Other key elements in rethinking the search process were to create and implement a standard rubric, generate a list of standard questions that relate to the rubric and improve the process to collect and distribute feedback for faculty discussions.
Jaramillo also stressed the importance of the student voice in the process. “The student feedback has been absolutely essential,” he said. “They can get very different information than we can get as faculty.”
Responding to a question about how he got buy-in on this new search process, given that it was radical departure from past practices, Jaramillo said that it helped to position it as an experiment that could be evaluated and adjusted in its next iteration.
Prior to the diversity and inclusion presentations, there were questions posed to the president and provost on a few issues.

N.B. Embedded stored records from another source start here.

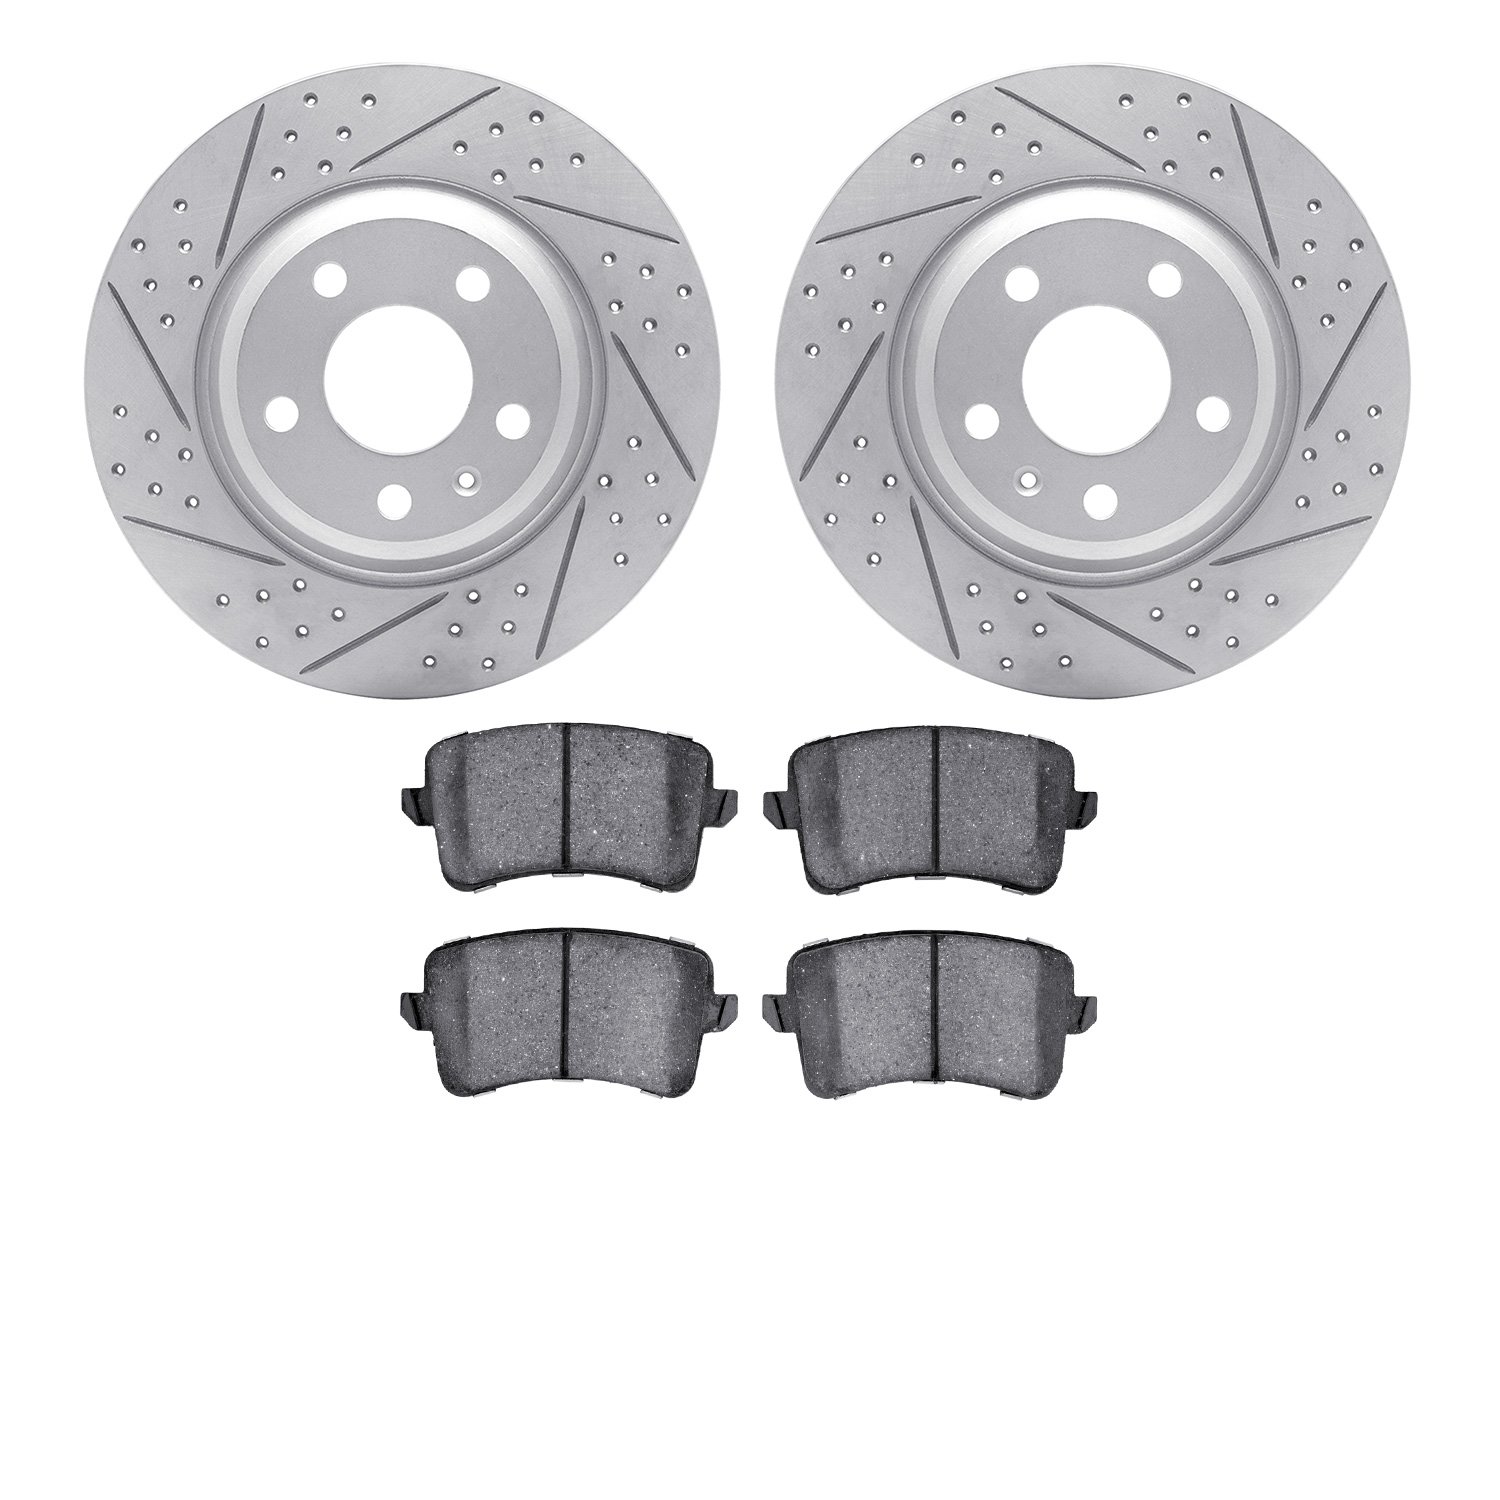 2502-73069 Geoperformance Drilled/Slotted Rotors w/5000 Advanced Brake Pads Kit, 2012-2017 Audi/Volkswagen, Position: Rear
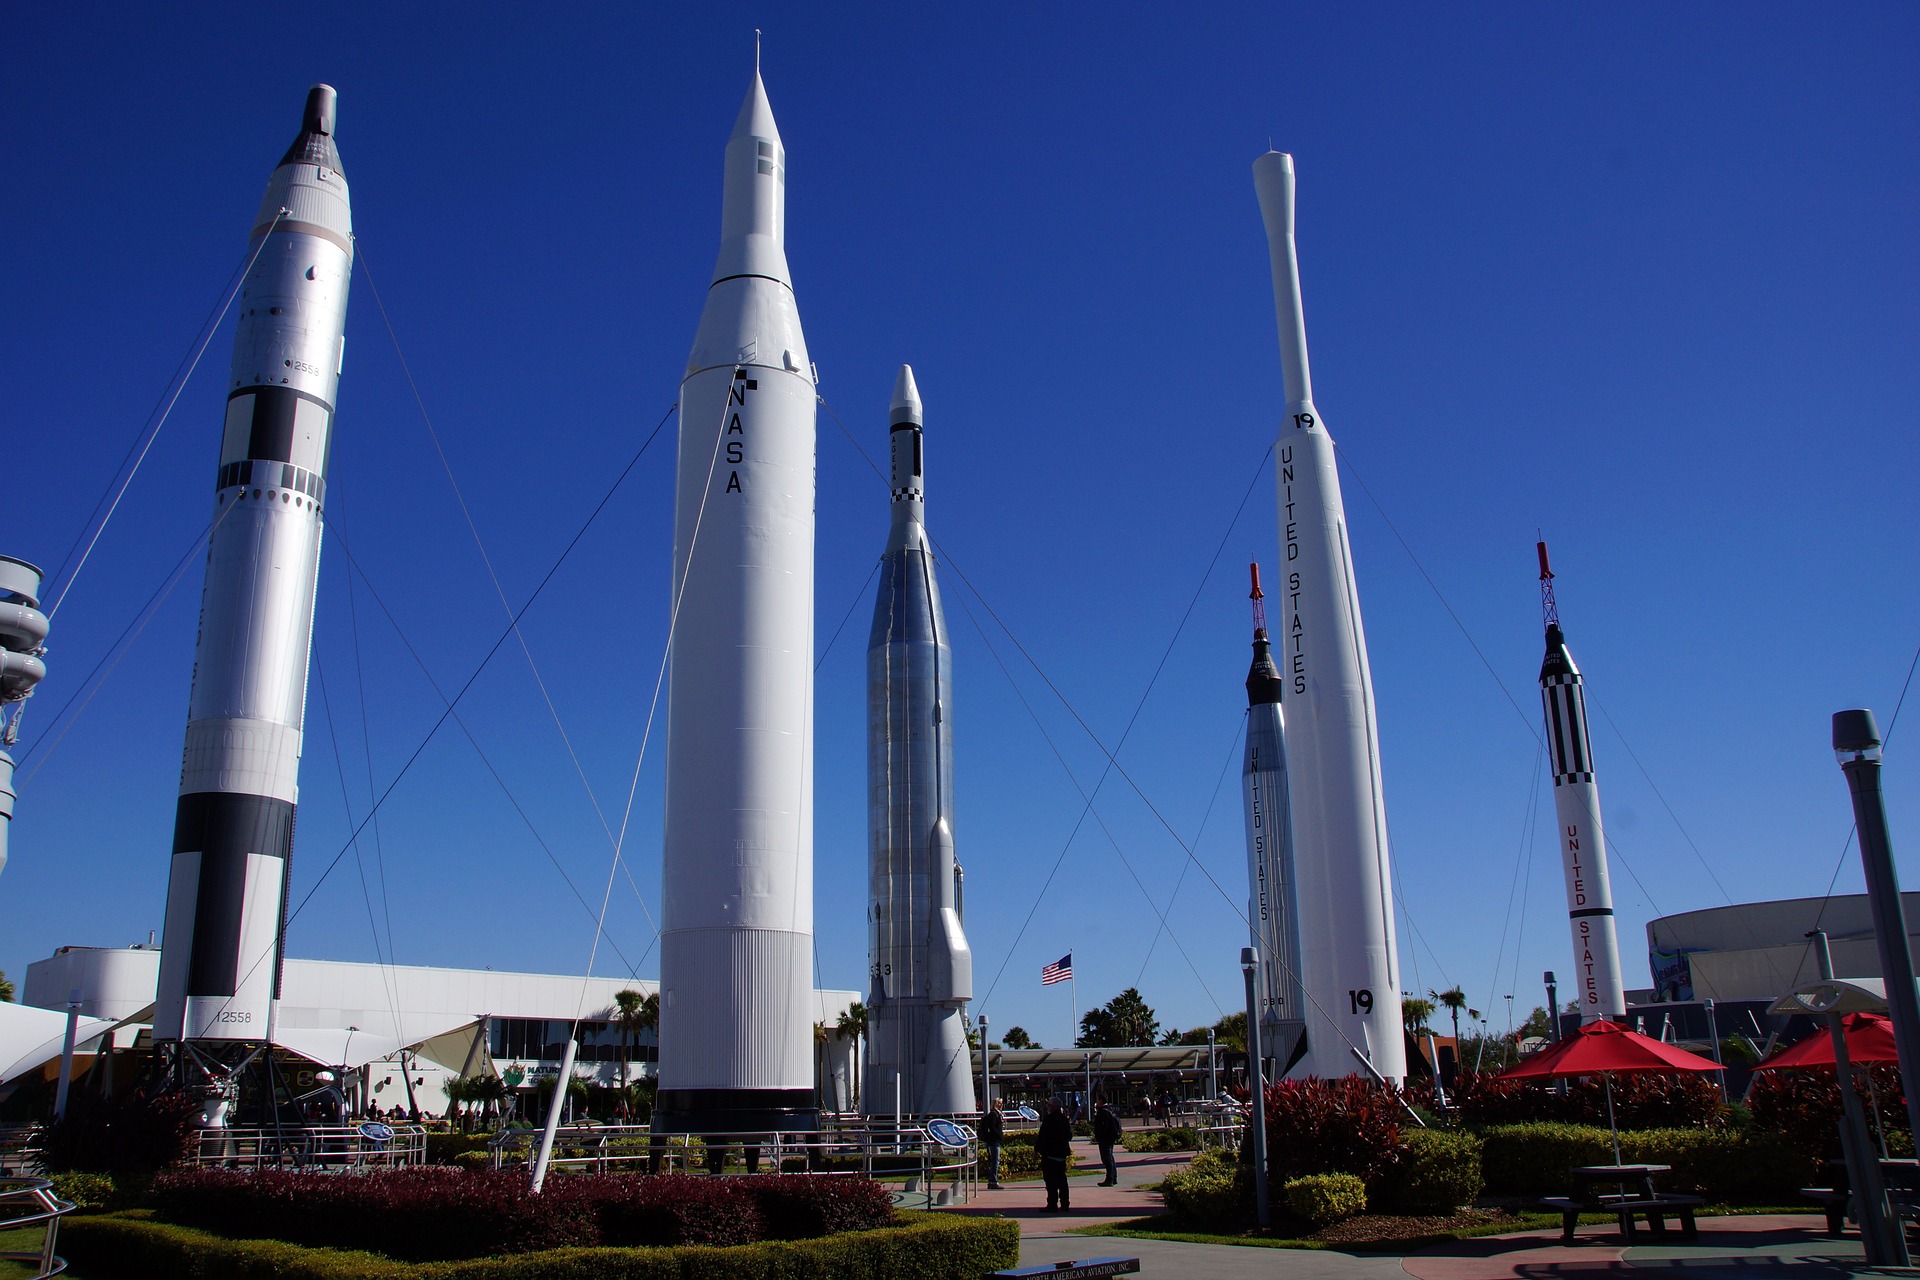 cape-canaveral-992547_1920.jpg
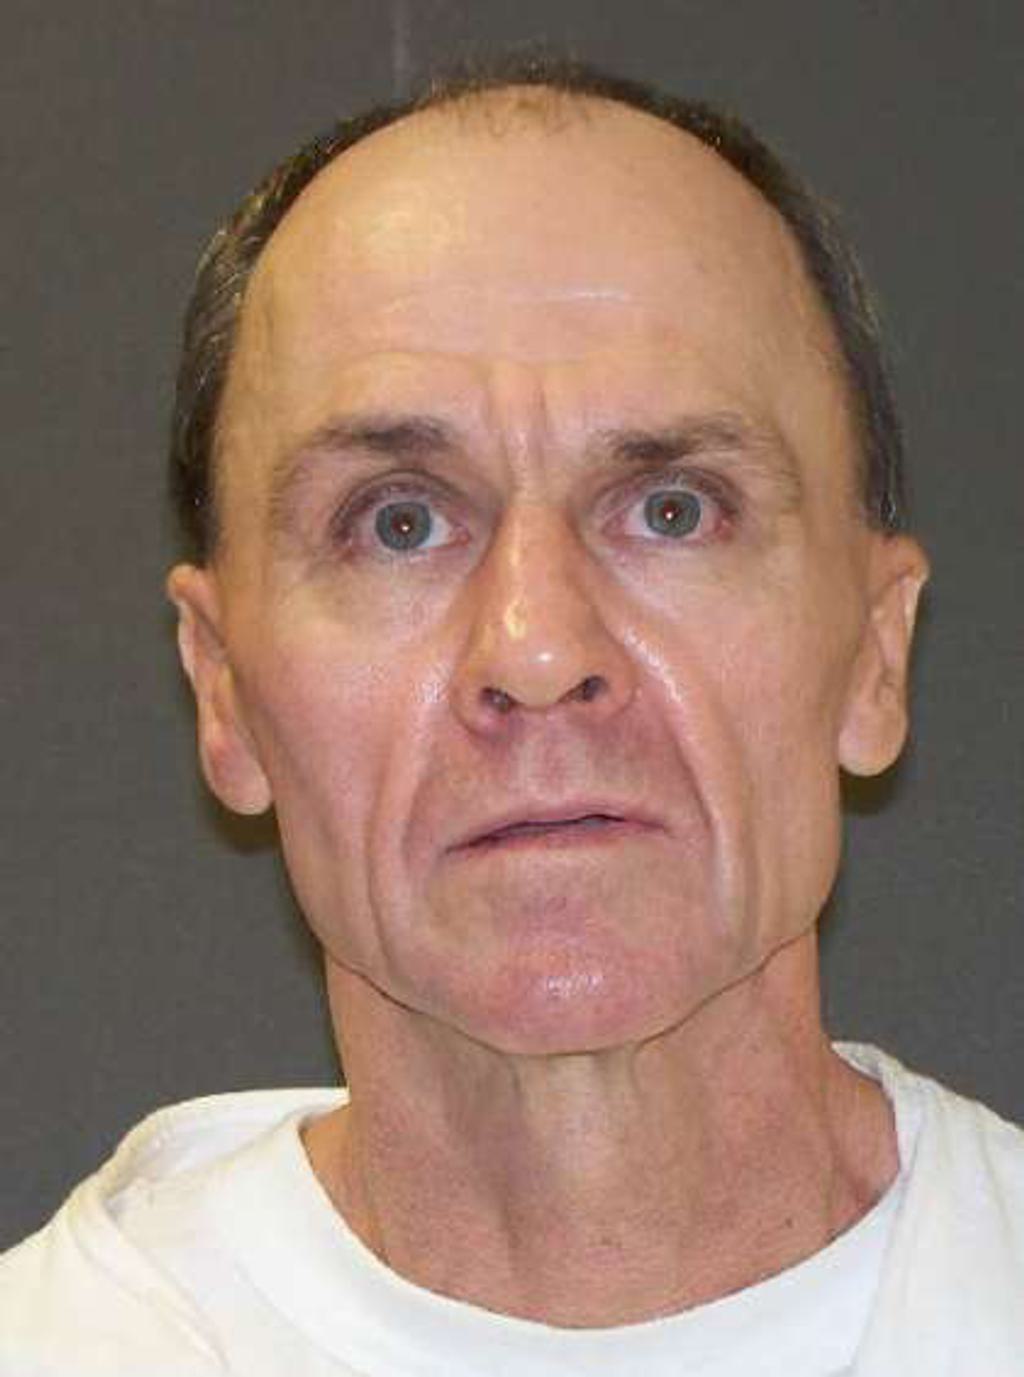 News Brief — Texas Appeals Court Stays Randall Mays' Execution on Issue of Intellectual Disability
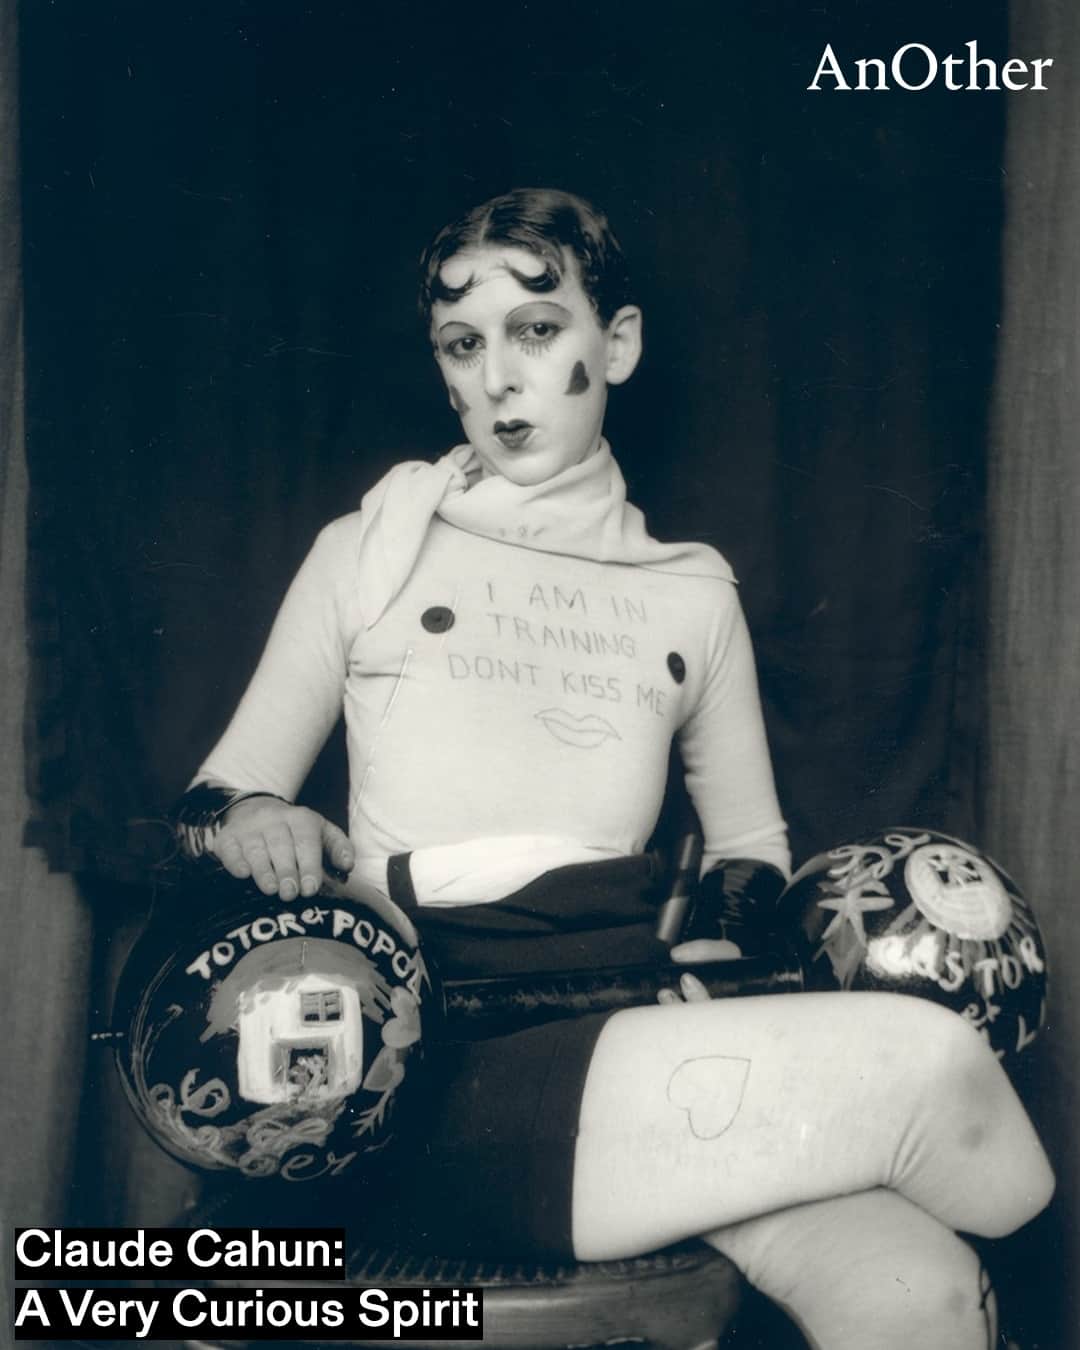 AnOther Magazineのインスタグラム：「Since today would have been Claude Cahun's birthday, we are going under the many skins of the Surrealist writer and photographer 🫀⁠ ⁠ Whilst living in Paris, Cahun associated with Man Ray, Salvador Dalí and André Breton – the latter describing her as "one of the most curious spirits of our time." Following her death, Cahun was as good as excised from the Surrealist roster, remaining largely uncelebrated until the 1980s when her striking photographs became known. At the link in bio, AnOther delves into the life and times of the artist who was an early thinker in gender, identity and sexuality 📲⁠ ⁠ 📸 1. #ClaudeCahun, 1927. Courtesy of @jerseyheritage⁠ 2. Claude Cahun, 1928. Courtesy of Jersey Heritage Collections⁠ 3. Claude Cahun as Elle in Barbe bleue, 1929. Courtesy of Jersey Heritage Collections⁠ 4. Claude Cahun, 1939. Courtesy of Jersey Heritage Collections⁠ 5. Claude Cahun, 1939. Courtesy of Jersey Heritage Collections⁠ 6. Claude Cahun, 1920. Courtesy of Jersey Heritage Collections」
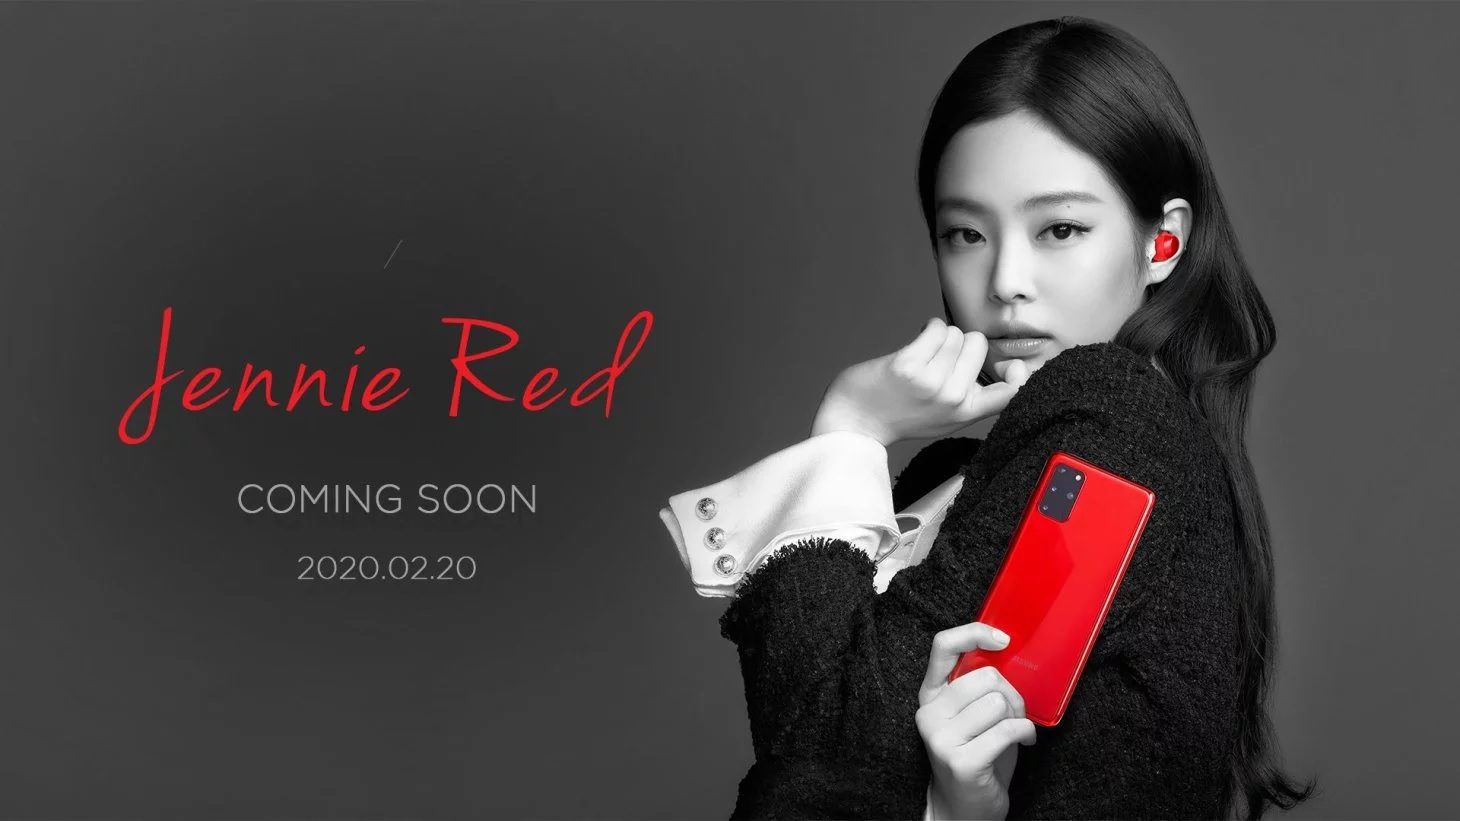 Samsung is selling a Blackpink branded Jenny Red Samsung Galaxy S20+ phone and Galaxy Buds+ bundle

One set of questions focused on the academic publisher Elsevier, specifically around limitations of access and increasingly high subscription costs. The University of California system recently canceled its subscription contract with Elsevier after unsuccessful negotiations for renewal.
Provost Persis Drell explained that Stanford’s main library is in the second year of a five-year contract with Elsevier. “We are all watching the UC situation … very carefully, and we will want to keep faculty engaged as we approach that renewal in three years,” she said.
Following up on a previous senate discussion of the Hoover Institution, some senators posed questions about its role on campus, including in the revised Cardinal Conversations program now being developed.
Drell noted the broad diversity of work produced by Hoover and the ability of members of the academic community to challenge scholarly work where they see fit. Vice Provost for Student Affairs Susie Brubaker-Cole noted that a faculty committee is providing assistance in developing the revised Cardinal Conversations program, but that student organizers will determine the format and content of the programming.
In response to a question about Stanford’s support for Palo Alto schools under a proposed new General Use Permit (GUP), President Marc Tessier-Lavigne said the university is pursuing a development agreement with Santa Clara County that will address that issue as well as other local community benefits.
“We want to continue to have productive discussions with them. We want to figure out how to make it a win-win for the community, the Palo Alto schools and Stanford,” he said. “We’re committed to a long-term and productive partnership.” He invited senate members to read more about the issue on the GUP website.
The full minutes of the March 7 meeting, including the discussion that followed the presentations, will be posted on the Faculty Senate website. The next senate meeting is scheduled for April 11.